Mozilla, the maker of the Firefox web browser, is building an exit ramp for web users desperate for an AI-free experience.
The non-profit has responded to feedback from users over the CEO’s recent vow to build a “modern AI browser” which prompted backlash from loyal users of the longstanding Google Chrome alternative. The plan for Firefox to “grow from a browser into a broader ecosystem of trusted software,” drew users to demand Mozilla simply fix the ongoing issues with the portal.
Now Firefox developer Jake Archibald has offered some reassurance that Ai won’t dominate the experience moving forward. He promises that users will be able to turn off all AI features when the kill switch goes live in the first quarter of next year.
In a post on Mastodon the developer wrote: “Something that hasn’t been made clear: Firefox will have an option to completely disable all AI features. We’ve been calling it the AI kill switch internally. I’m sure it’ll ship with a less murderous name, but that’s how seriously and absolutely we’re taking this.
“All AI features will also be opt-in. I think there are some grey areas in what ‘opt-in’ means to different people (e.g. is a new toolbar button opt-in?), but the kill switch will absolutely remove all that stuff, and never show it in future.

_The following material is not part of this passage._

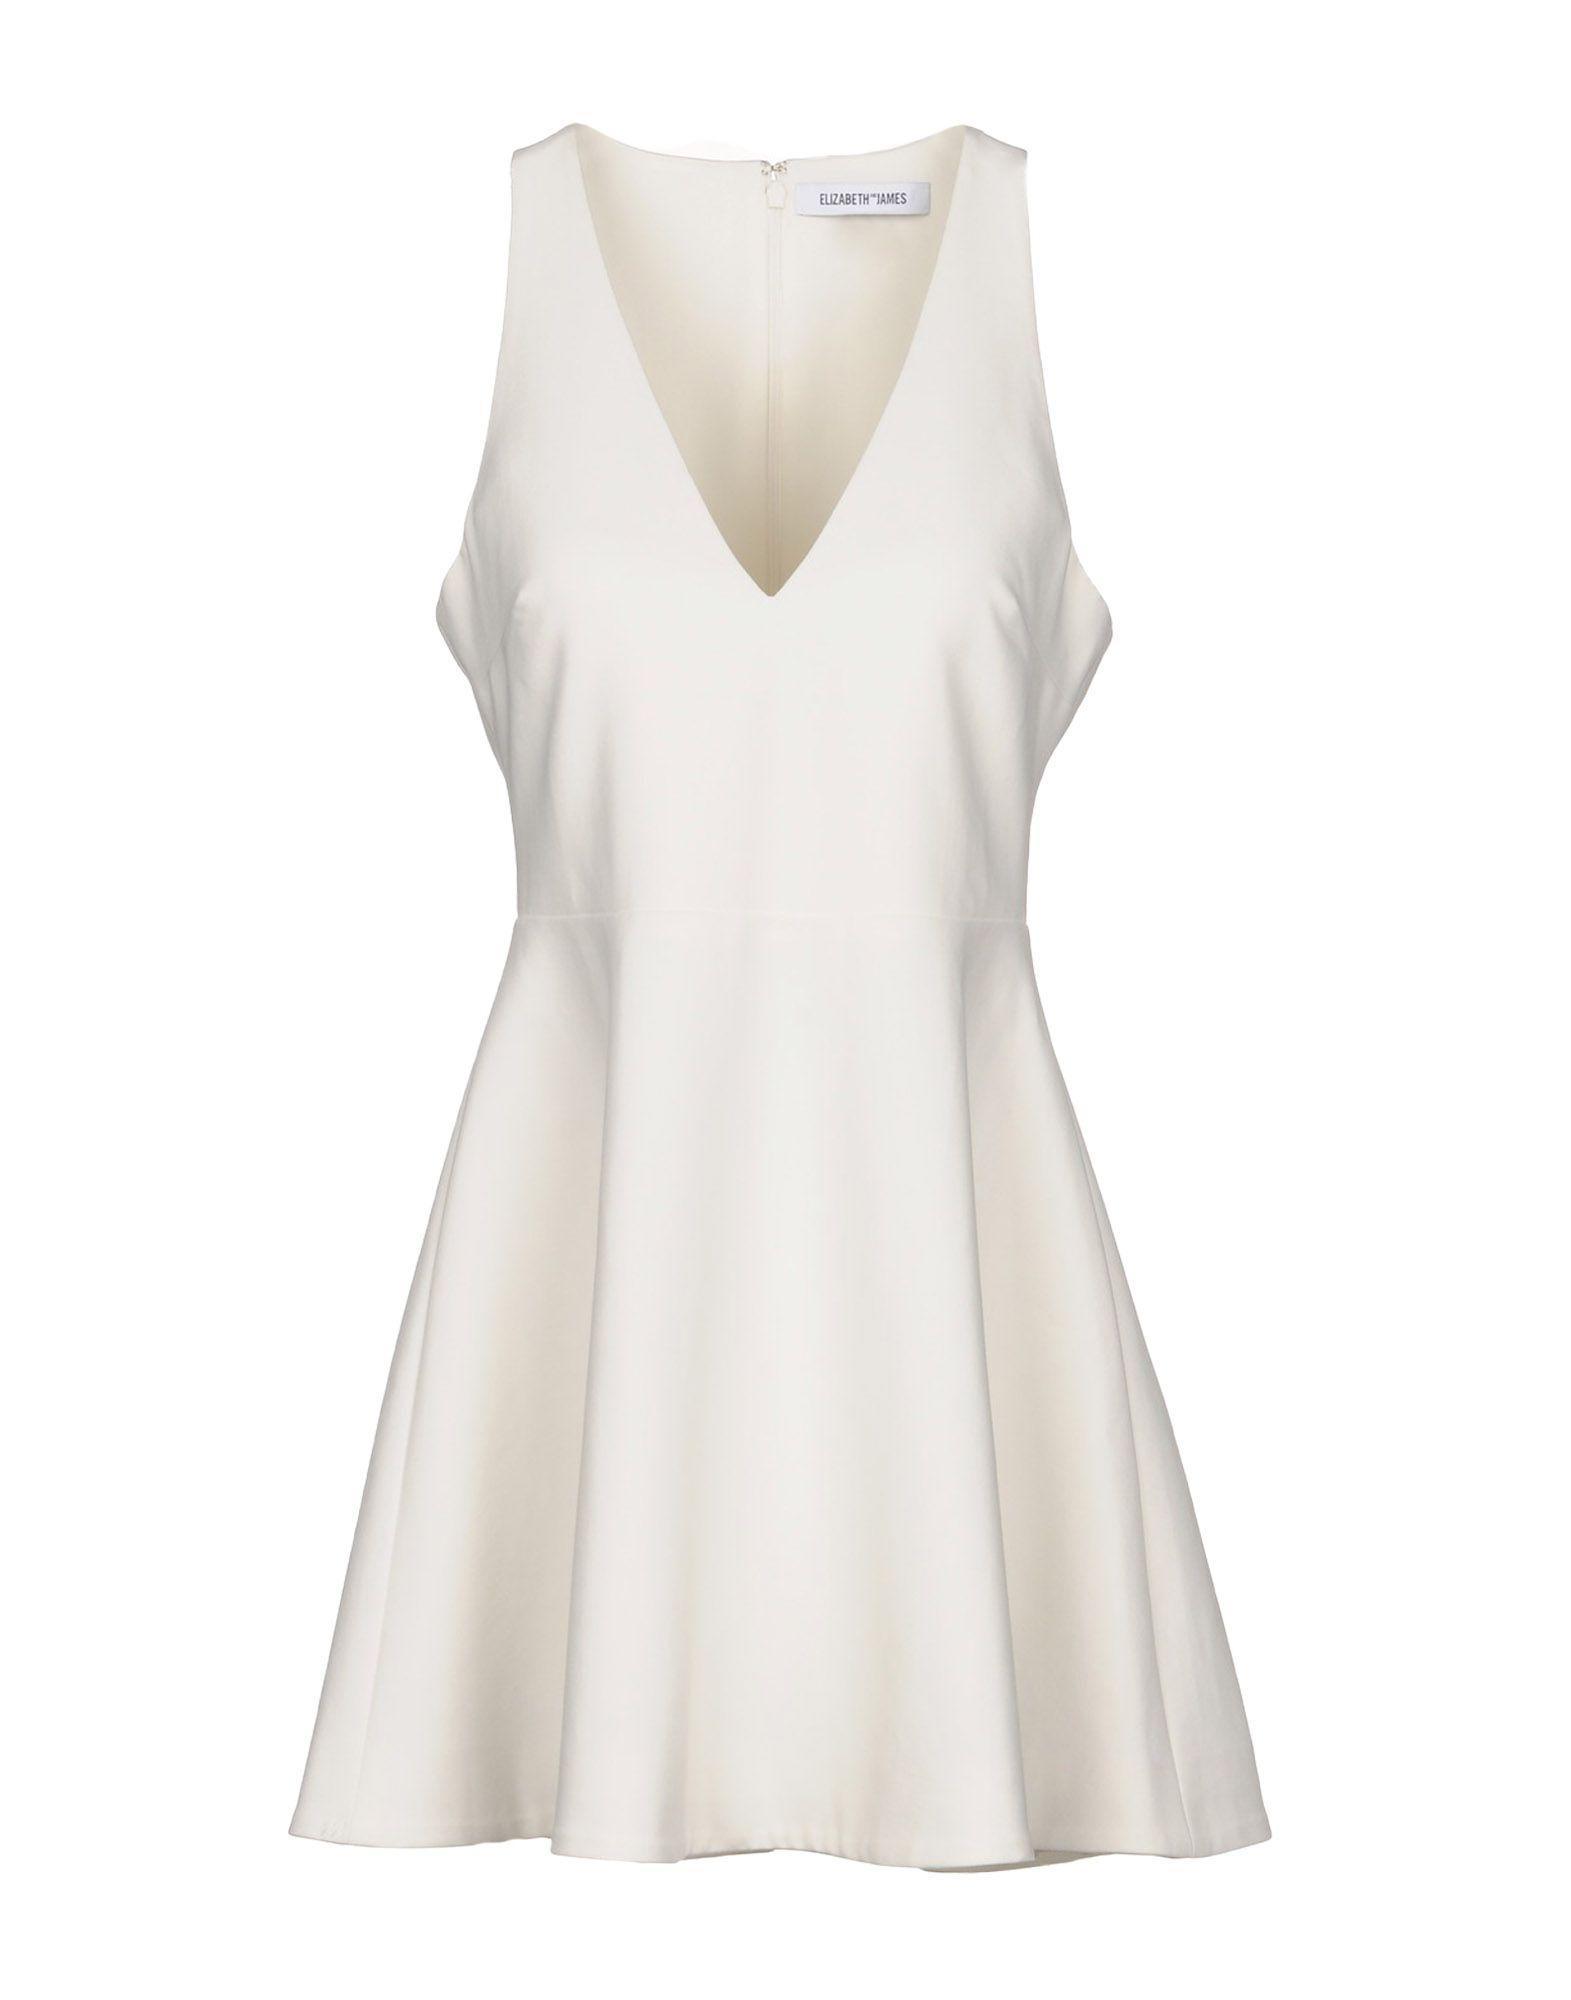 Elizabeth And James Short Dresses In White

That’s unambiguous.”
The feature promises to give life to Firefox among AI holdouts who’d rather a cleaner browsing experience. Sign me up for that. In fact, sign everyone up for that if they care for the survival of dozens of web-based industries that are seeing diminishing returns from Google and Open AI scraping the web’s original content and paraphrasing it. With Open AI also building an entire Chat GPT web browser, it’s heartening to know the last AI holdouts may still have a home.